Apart from that CIT v. Gujarat Industrial Development Corporation, wherein it was held as follows:

“Section 2(15), read with section 11, of the Income-tax Act, 1961 – Charitable purpose (Objects of general public utility) -Assessment year 2009-10 – Whether where assessee – corporation was constituted under Gujarat Industrial Development Act, 1962, for purpose of securing and assisting rapid and orderly establishment and organization of industrial areas and Industrial estates in State of Gujarat, and for purpose of establishing commercial centers in connection with establishment and organization of such industries it could not be said that activities carried out by assessee were either in nature of trade, commerce or business, for a Cess or Fee or any other consideration so as to attract proviso to section 2(15) and same could be said to be for charitable purpose and, consequently,. Assessee was entitled to exemption under section 11- Held, yes (Paras 15 and 17) [In favour of assessee]”

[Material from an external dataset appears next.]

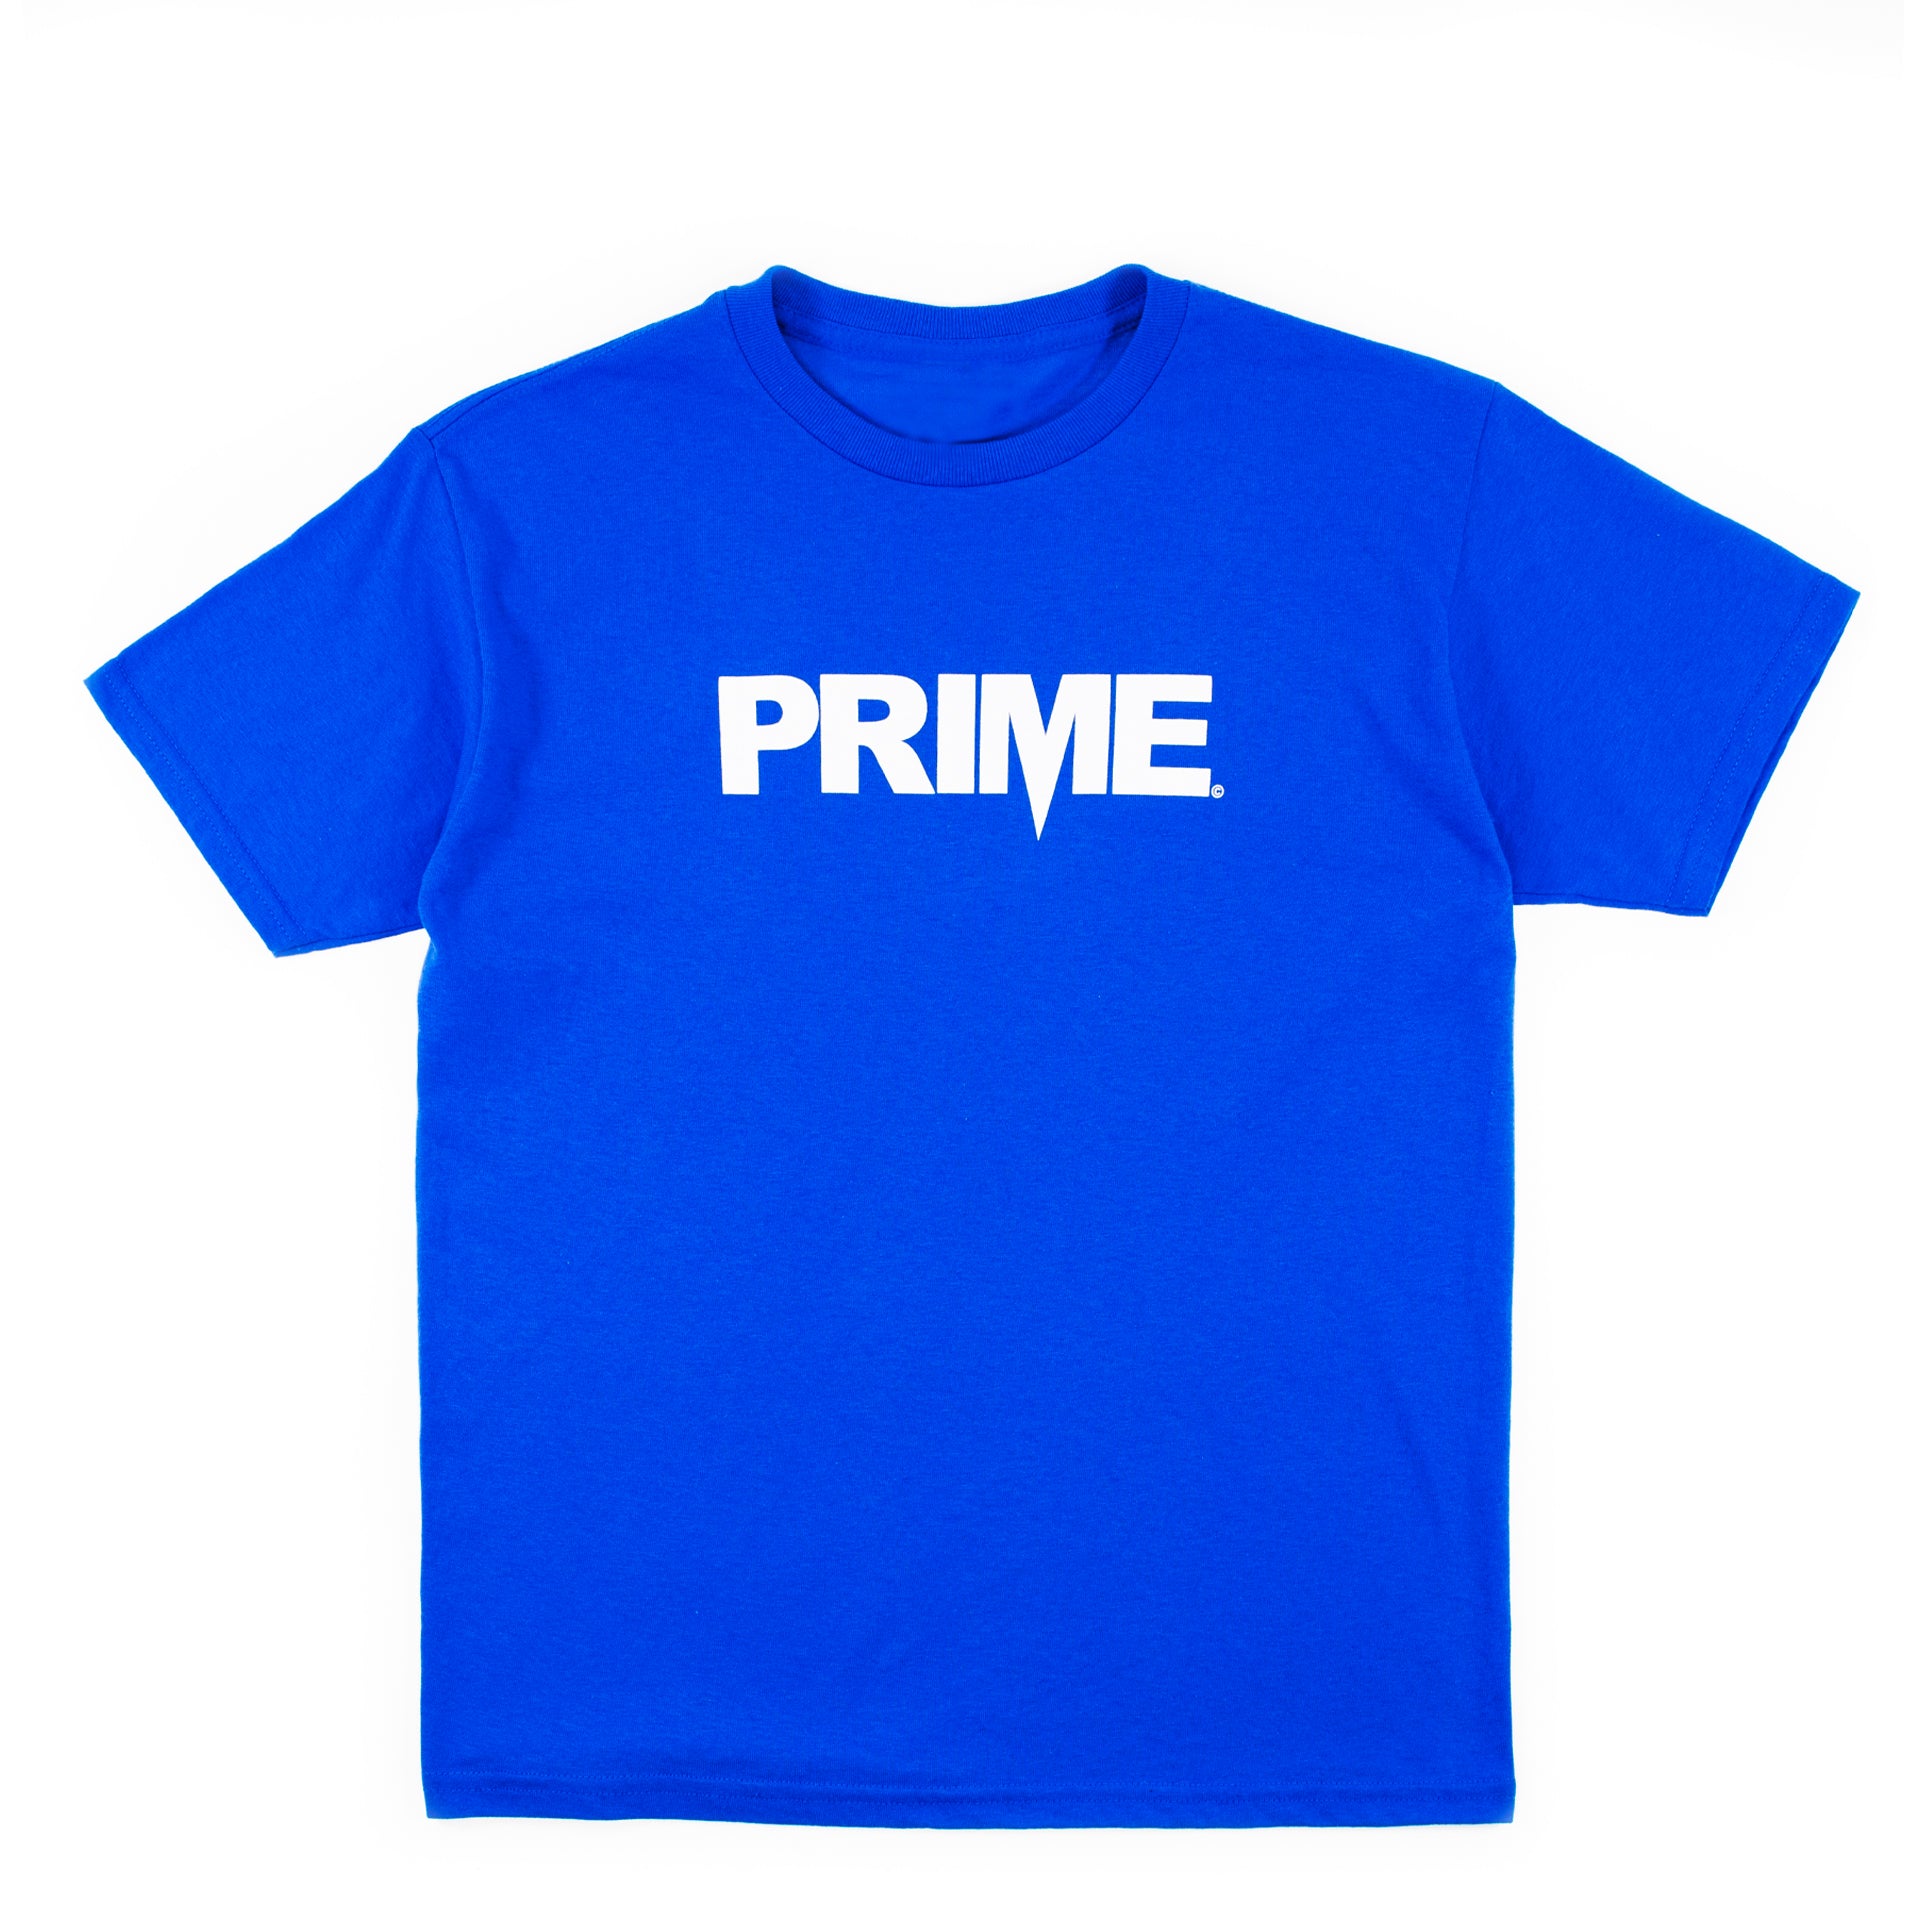 Prime Delux OG Logo Kids T Shirt - Royal Blue / White - Prime Delux Store

5. We find that the object of the assessee is similar to that of the corporation before the Jurisdictional High Court and on the similar set of facts the appeal was allowed in favour of the assessee hence relying upon the same we allow the claim of the assessee and the disallowance of exemption as claimed by the assessee u/s 11 of the Act to the tune of Rs. 70,73,005/- is hereby quashed and addition made thereon is thus deleted.

6. In the result, assessee’s appeal is thus allowed.’

8. In the light of the decision rendered by the Hon’ble Gujarat High Court and applied by the co-ordinate bench in Vadodara Urban Development Authority’s (supra) and Gandhinagar Urban Development Authority v. Dy. CIT ITA No. 3621/Ahd/2015 order dated 23.07.2019, we find merit in the plea raised on behalf of the assessee for holding the activities of assessee to be for charitable purposes under s.2(15) of the Act and consequence eligibility of benefits under s.11 & section 12 of the Act. The order of the CIT(A) is thus set aside and the AO is directed to grant relief claimed under ss.11(2) and 11(1)(a) of the Act to the assessee in accordance with law.

9. In the result, assessee’s appeal in ITA No. 955/Ahd/2016 is allowed whereas Revenue’s appeals in ITA Nos. 2432 & 2433/Ahd/17 are dismissed.